KT&G President Bang Kyung-man. / Photo=KT&G
However, KT&G suffered measles during the appointment process of Bang, as activist funds (FCP) and the largest shareholder, IBK Bank, voted against the appointment, citing board fairness and transparency. An example is the appointment of Sohn Dong-hwan, an outside director recommended by IBK Bank, as an outside director of KT&G. It has been 18 years since 2006 that KT&G has had an outside nominee as an outside director.
President Bang has been charged with the responsibility of ensuring external growth and transparent management while maintaining internal oversight. Upon his appointment, Mr. Bang's strategy was to focus on the group's core businesses, which are overseas cigarettes, NGPs, and nutraceuticals, rather than new businesses. For the overseas business, he established Company-In-Company (CIC) and production headquarters by region to improve organizational efficiency and execution. We visited key overseas strategic countries such as Indonesia and Taiwan to communicate with employees. Internally, he also organized the 'Can Meeting' to communicate with employees in a casual manner, helping to create a flexible organizational culture.
KT&G was the top performer last year, with sales of KRW 5.8565 trillion. At this rate, KT&G's sales could reach KRW 6 trillion this year. With this trend, KT&G's sales are expected to exceed KRW 6 trillion this year. Attention is focusing on whether Bang will reach KRW 10 trillion in KT&G sales, following his predecessor Baek Bok-in.

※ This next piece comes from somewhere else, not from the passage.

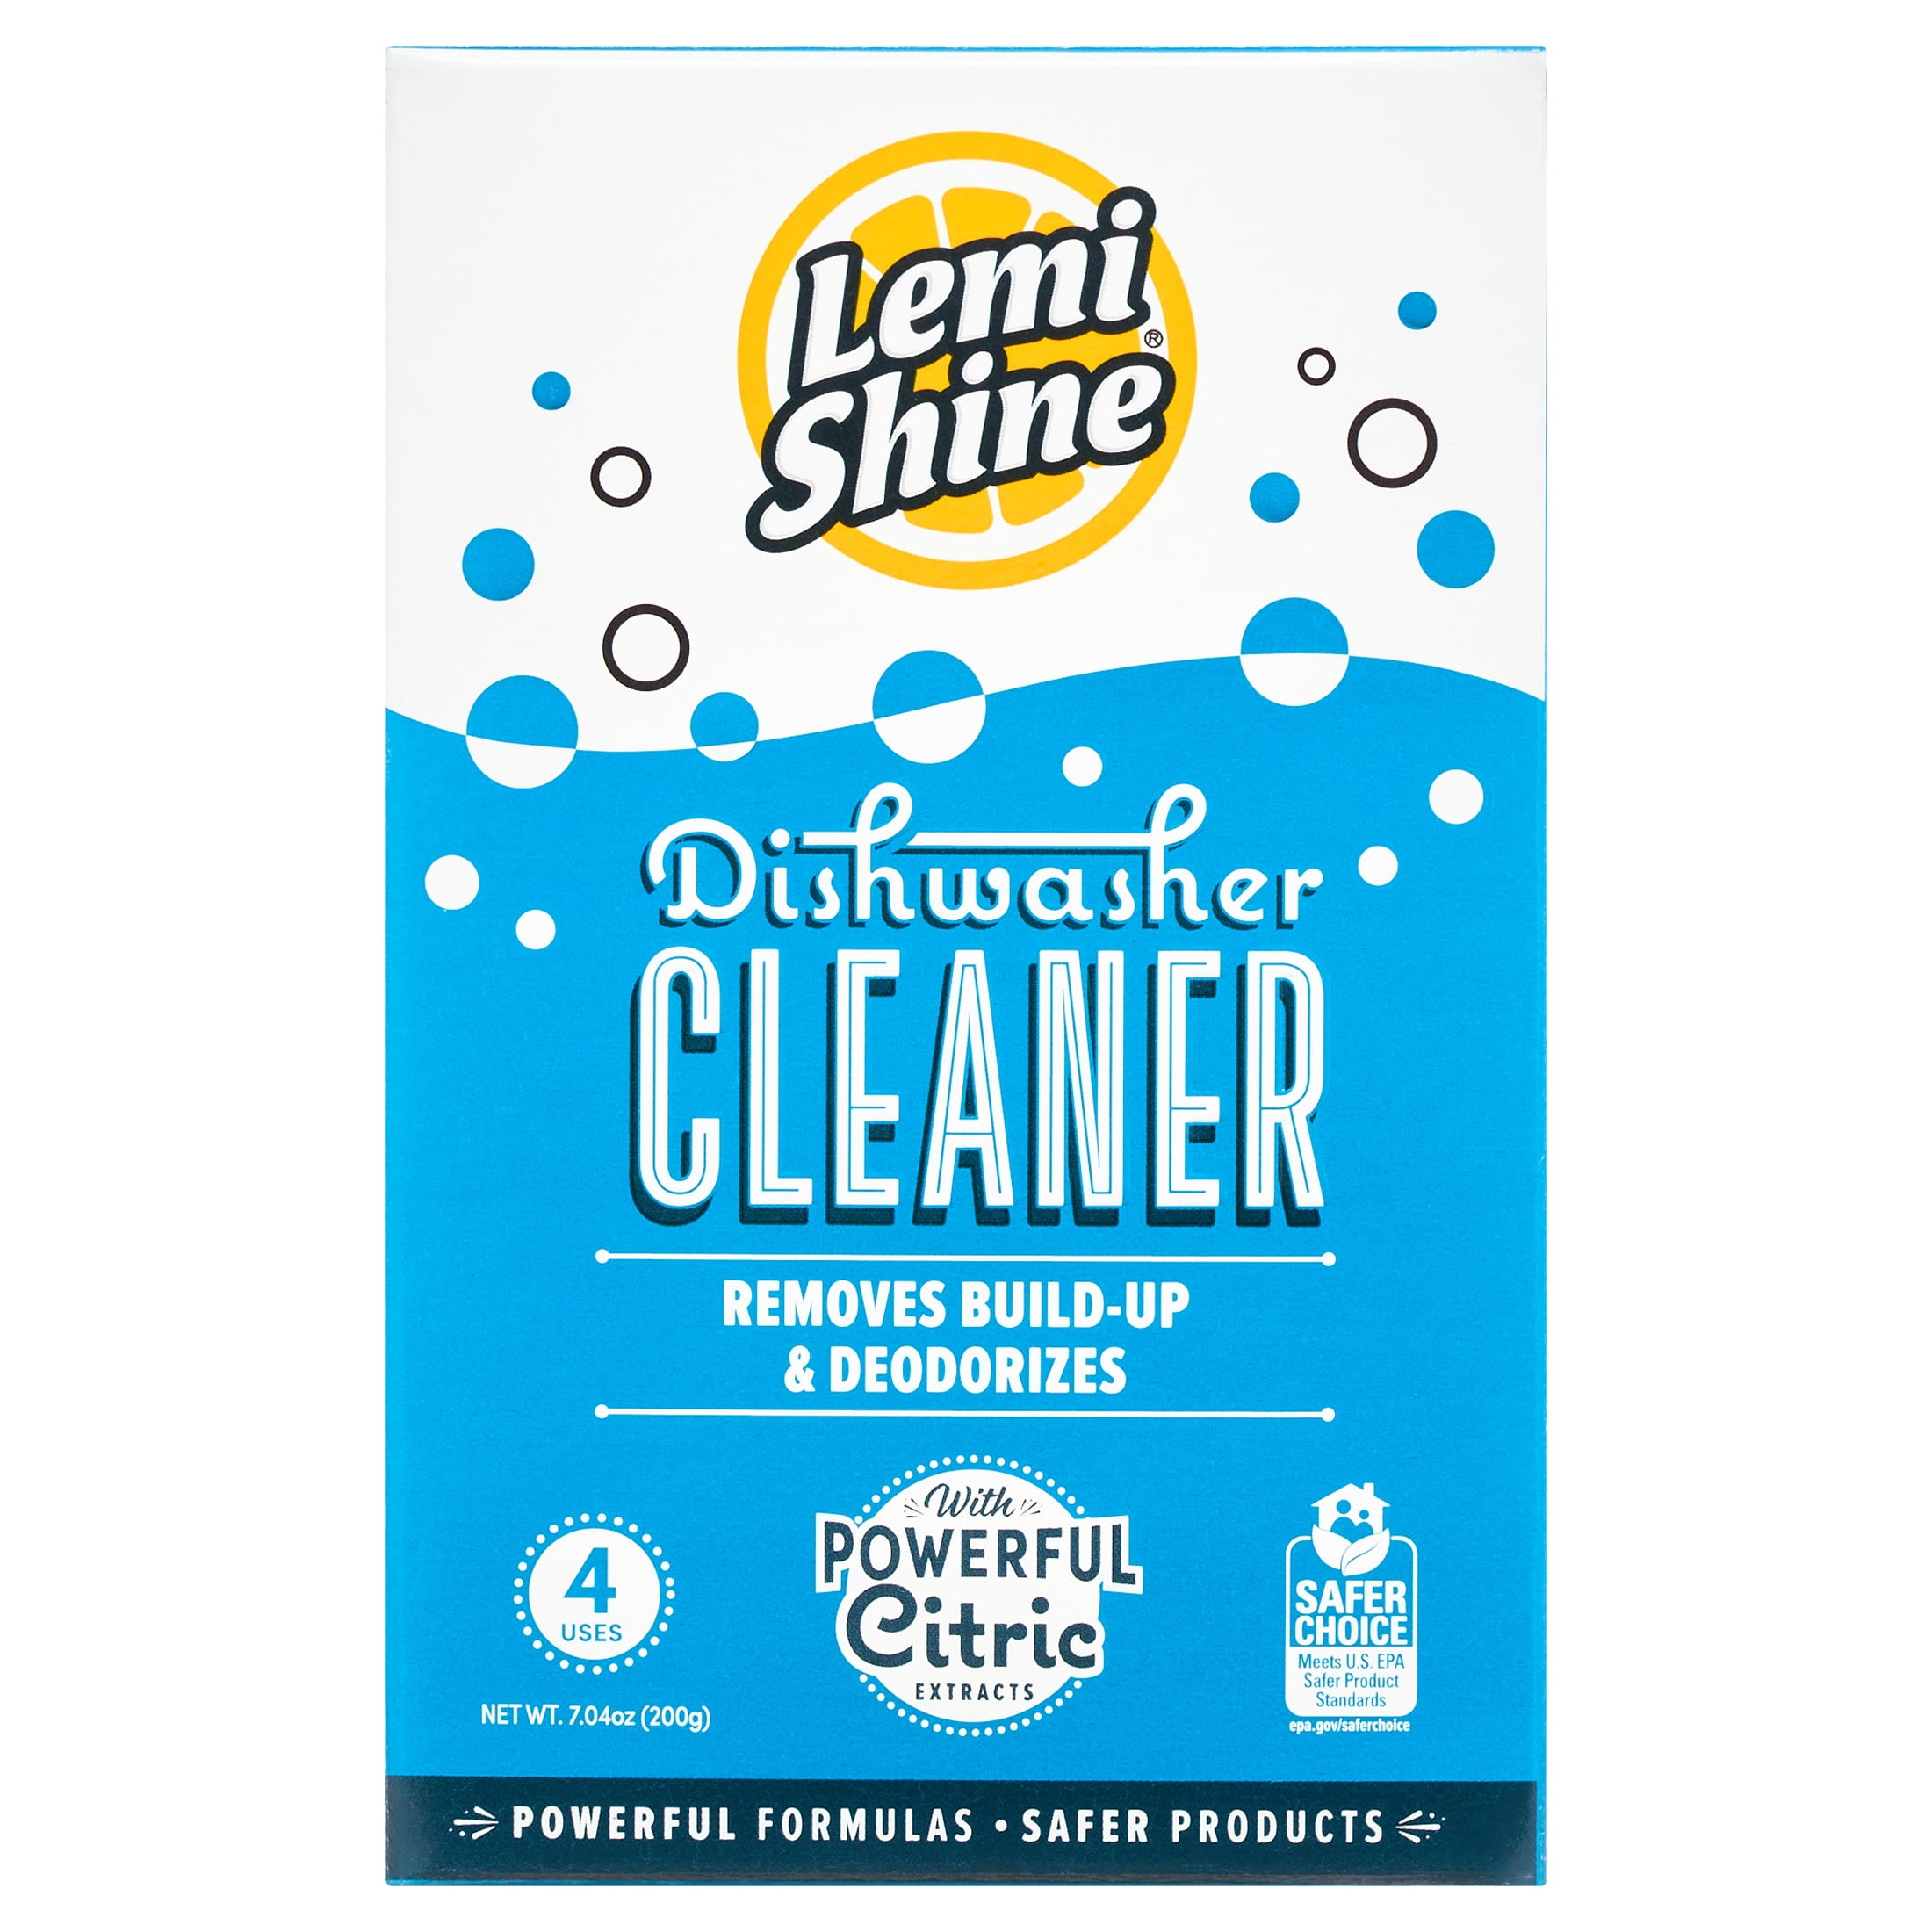  Lemi Shine Washing Machine Cleaner with Machine Wipes-Lemon - 4  ct : Health & Household

"The company is pushing for global expansion and structural transformation centered on the three core businesses (NGP, overseas cigarettes, and health functional foods)," said KT&G President Bang Kyung-man. "We will do our best to achieve our future vision of 'Global Top Tier Leap' by using NGP innovative products and scientific R&D capabilities to be introduced in overseas markets."